Most of the proposed approaches adopt the following research paradigm:
the elements of the game, namely the players, the actions and the payoffs;
• determine the type of the game: static or dynamic, complete information or incomplete information;
• solve the game to and equilibriums;
• analyze the equilibriums to obtain some implications for practice.
CONCLUSION
Four different user roles that are commonly involved in data mining applications, i.e. data provider, data collector, data miner and decision maker. Each user role has its own privacy concerns, hence the privacy-preserving approaches adopted by one user role are generally different from those adopted by others: For data provider, his privacy preserving objective is to effectively control the amount of sensitive data revealed to others. To achieve this goal, he can utilize security tools to limit other's access to his data, sell his data at auction to get enough compensations for privacy loss, or falsify his data to hide his true identity. For data collector, his privacy-preserving objective is to release useful data to data miners without disclosing data providers' identities and sensitive information about them. To achieve this goal, he needs to develop proper privacy models to quantify the possible loss of privacy under different attacks, and apply anonymization techniques to the data.

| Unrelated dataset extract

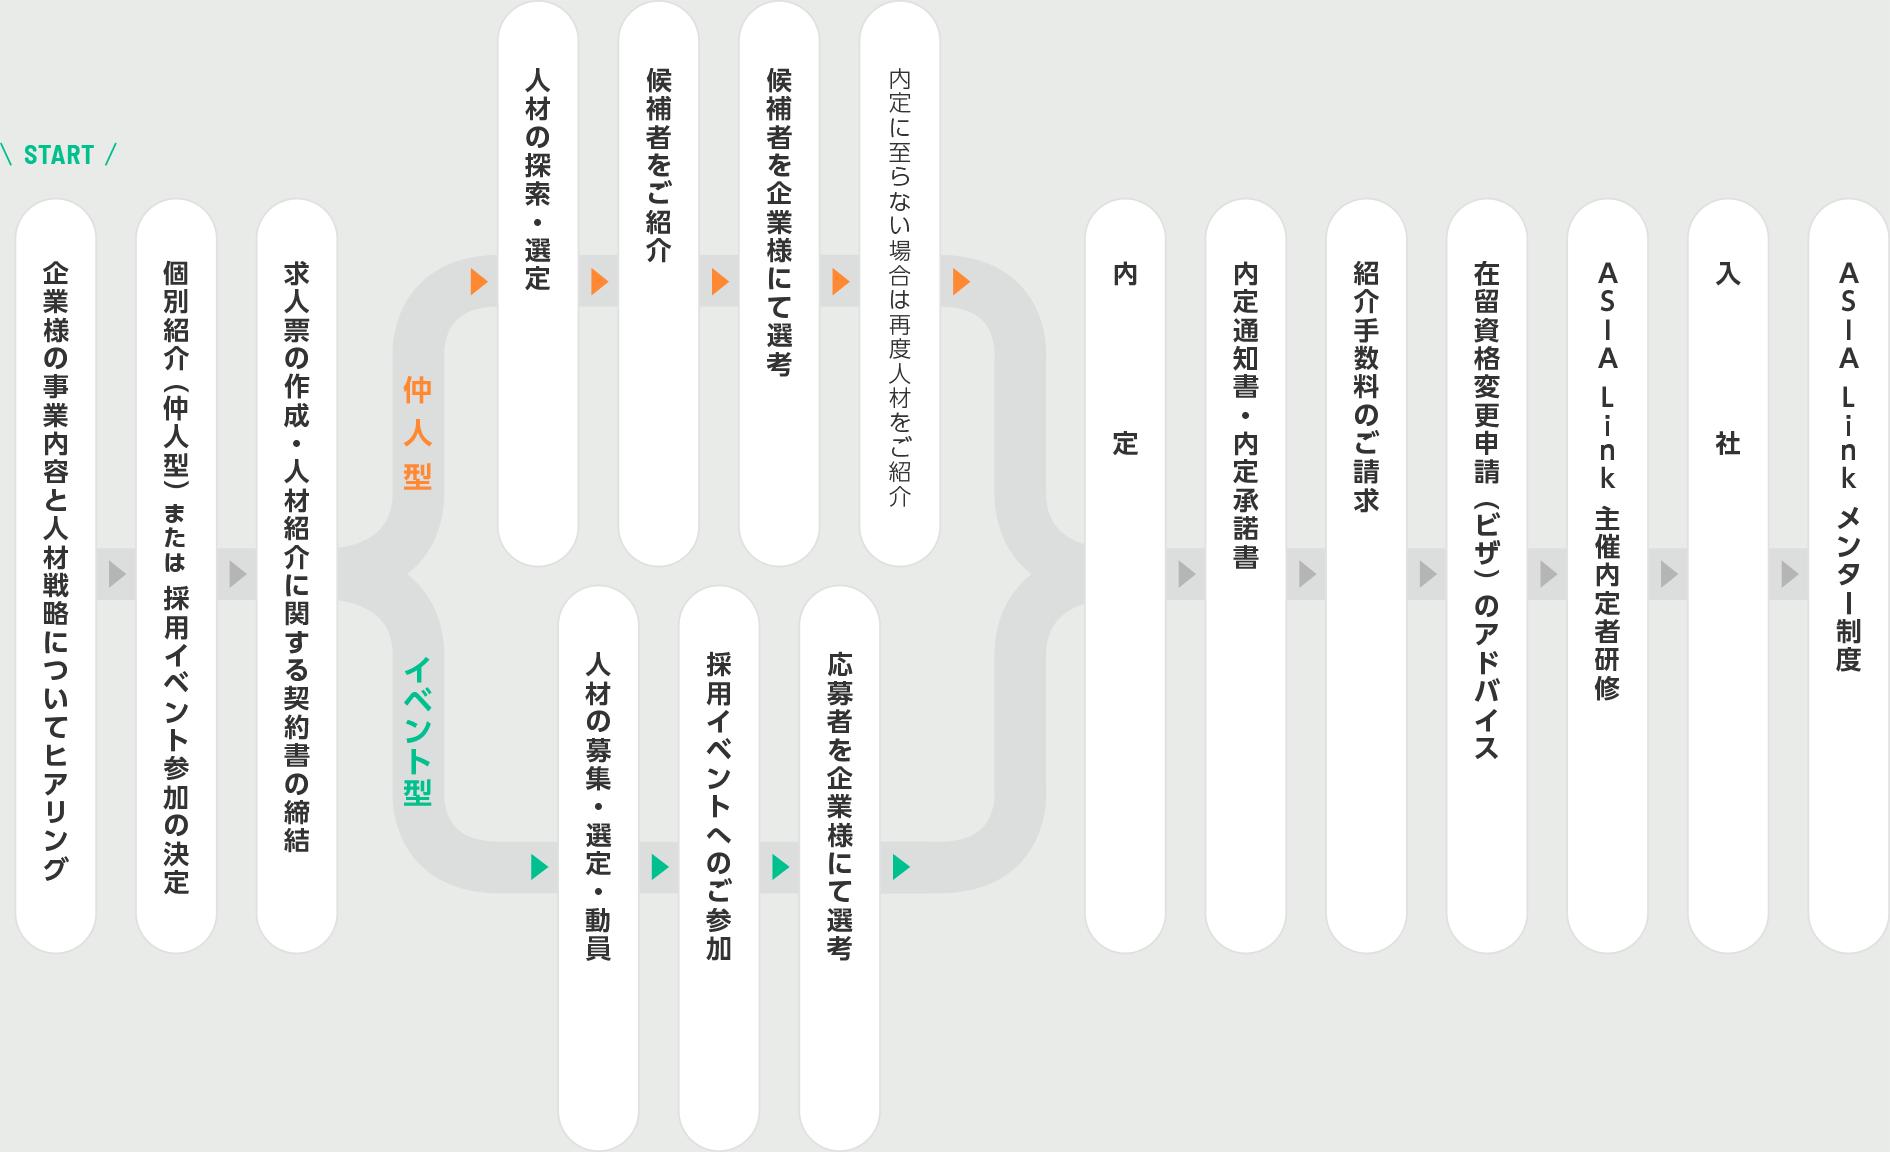 紹介~採用までの流れ

For data miner, his privacy-preserving objective is to get correct data mining results while keep sensitive information undisclosed either in the process of data mining or in the mining results. To achieve this goal, he can choose a proper method to modify the data before certain mining algorithms are applied to, or utilize secure computation protocols to ensure the safety of private data and sensitive information contained in the learned model. For decision maker, his privacy-preserving objective is to make a correct judgement about the credibility of the data mining results he's got. To achieve this goal, he can utilize provenance techniques to trace back the history of the received information, or build classifier to discriminate true information from false information.